*WORK ORDER*:
Look through the records below for the line holding "Купон Супер Premiere Pro 2 на скидку". Write it out exactly, with each following line through the line holding "The Row Round Sunglasses The Best Sunglasses".

*RECORDS FOR THE TASK*:
*** Begin section ***

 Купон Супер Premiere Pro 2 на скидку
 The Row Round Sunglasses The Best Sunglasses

*** End section ***
*** Begin section ***

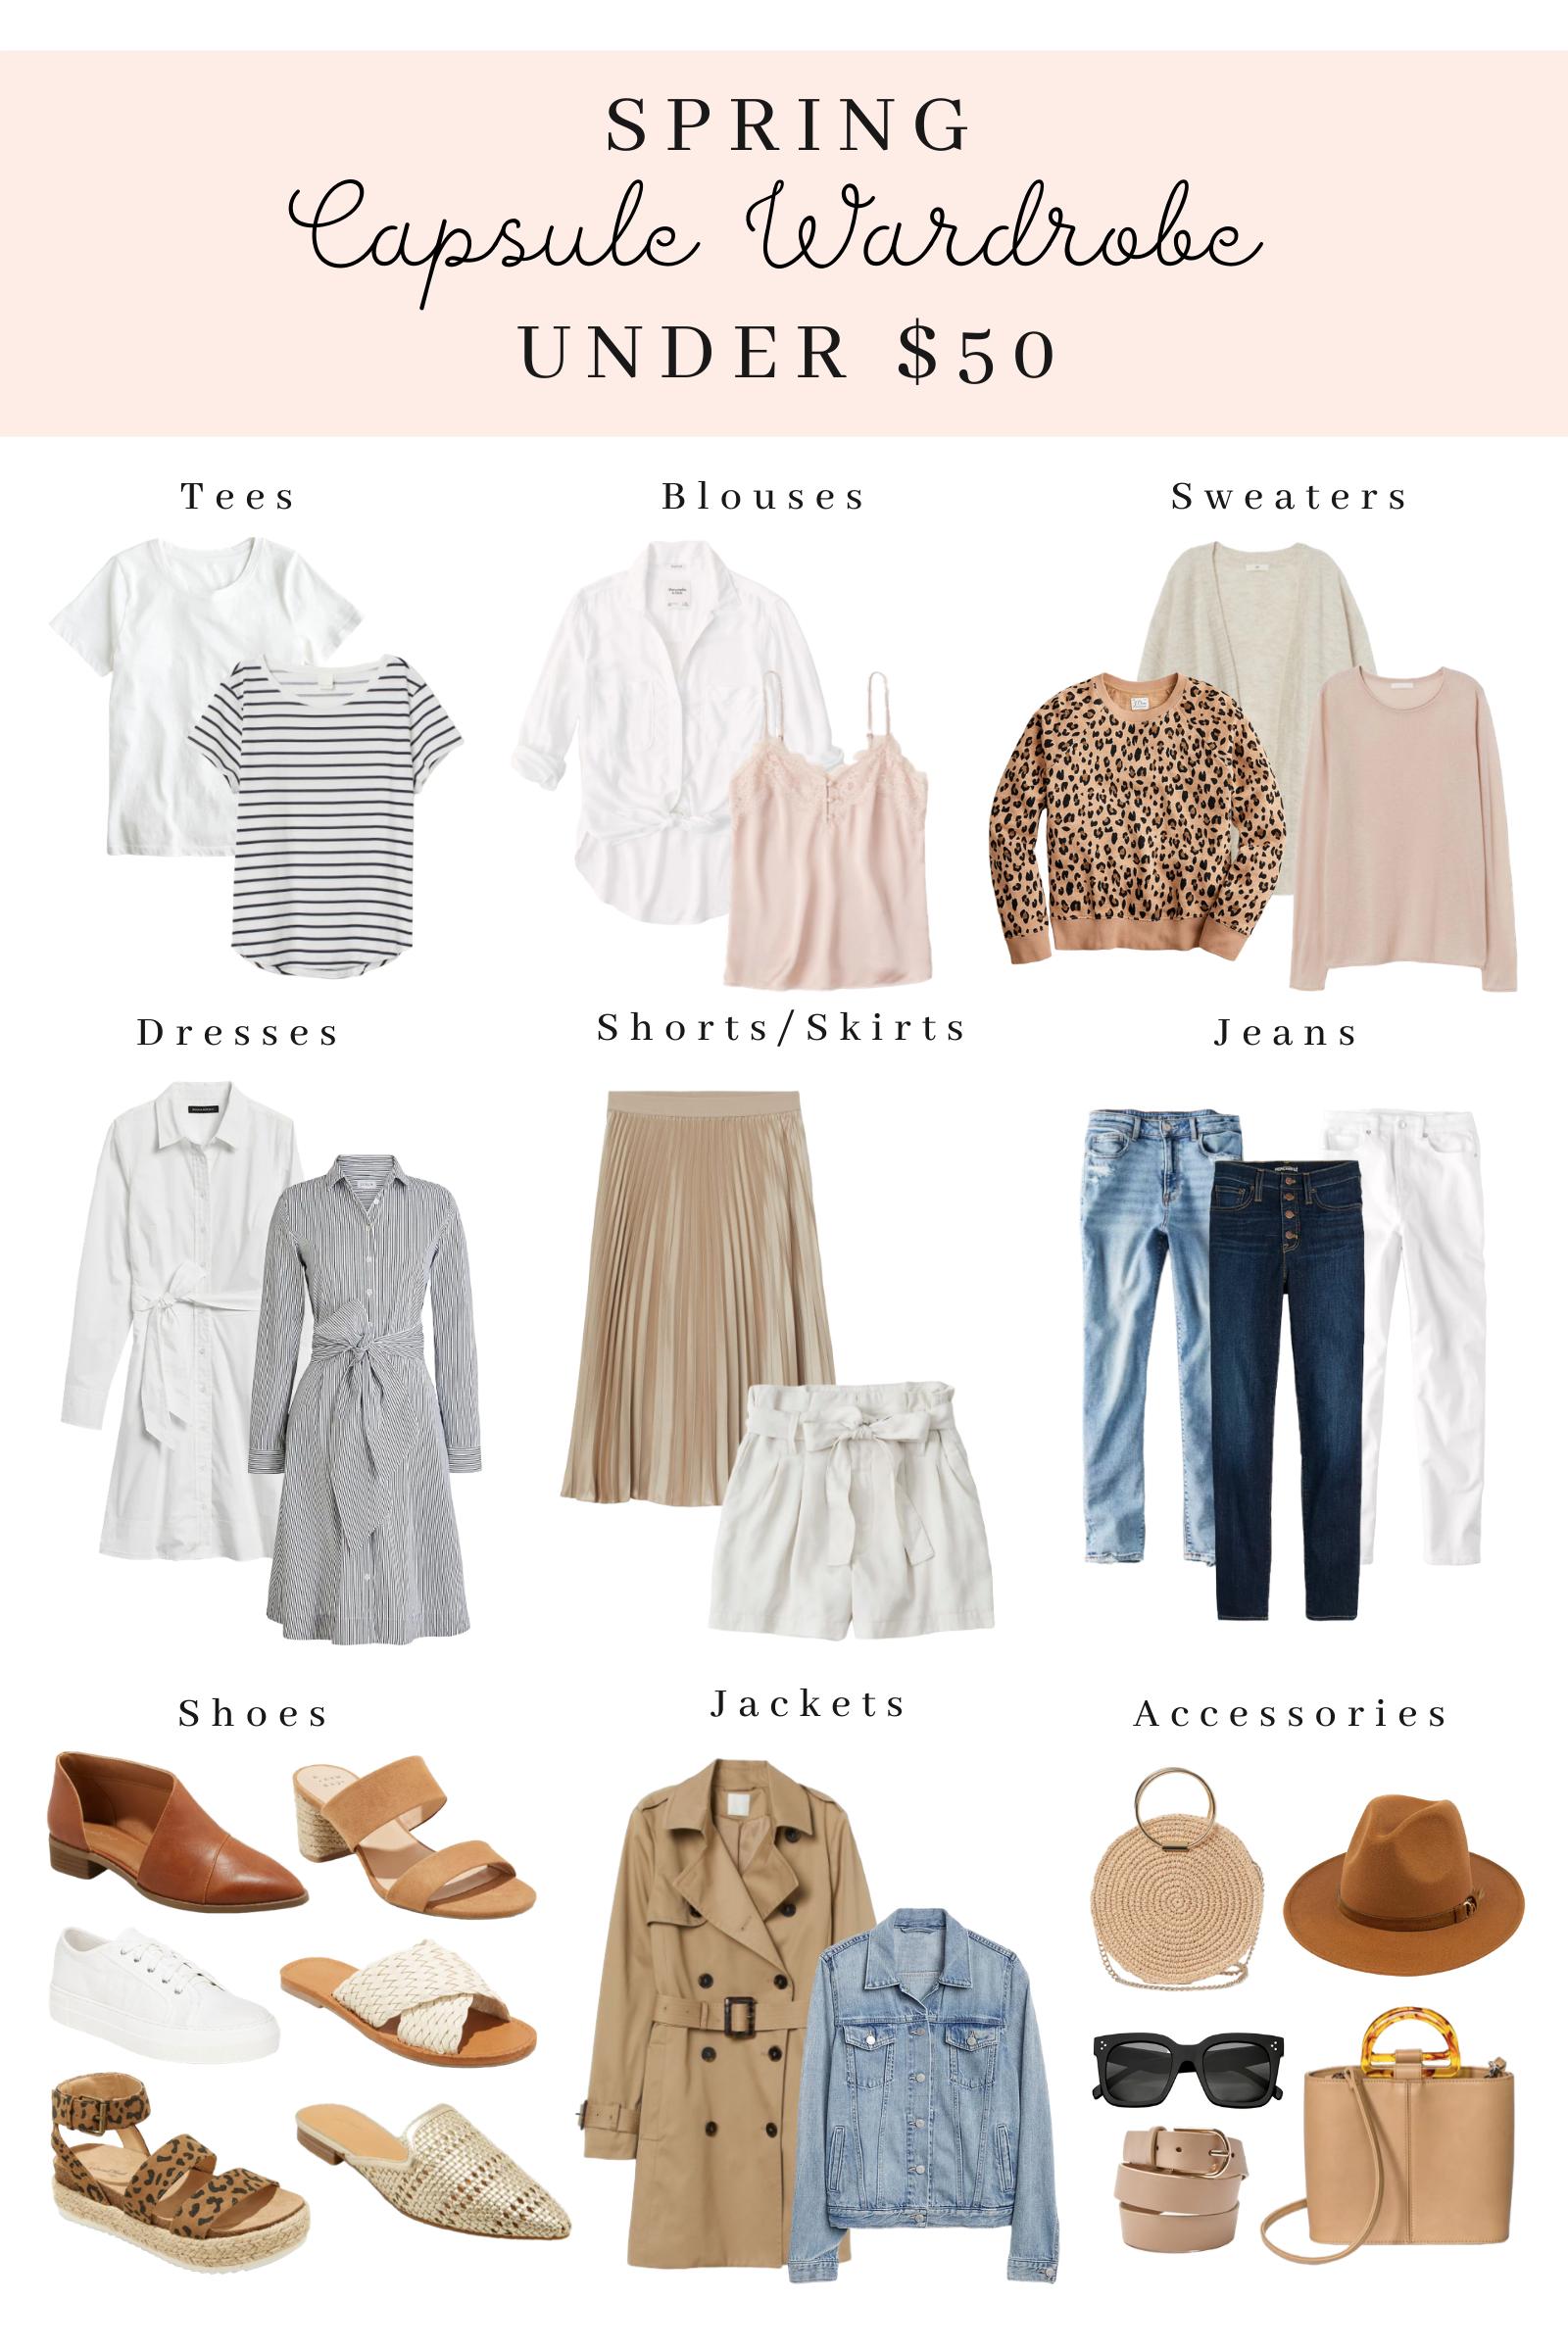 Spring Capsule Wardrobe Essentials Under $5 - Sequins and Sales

*** End section ***

*RESPONSE TO THIS TASK*:
 Купон Супер Premiere Pro 2 на скидку
 The Row Round Sunglasses The Best Sunglasses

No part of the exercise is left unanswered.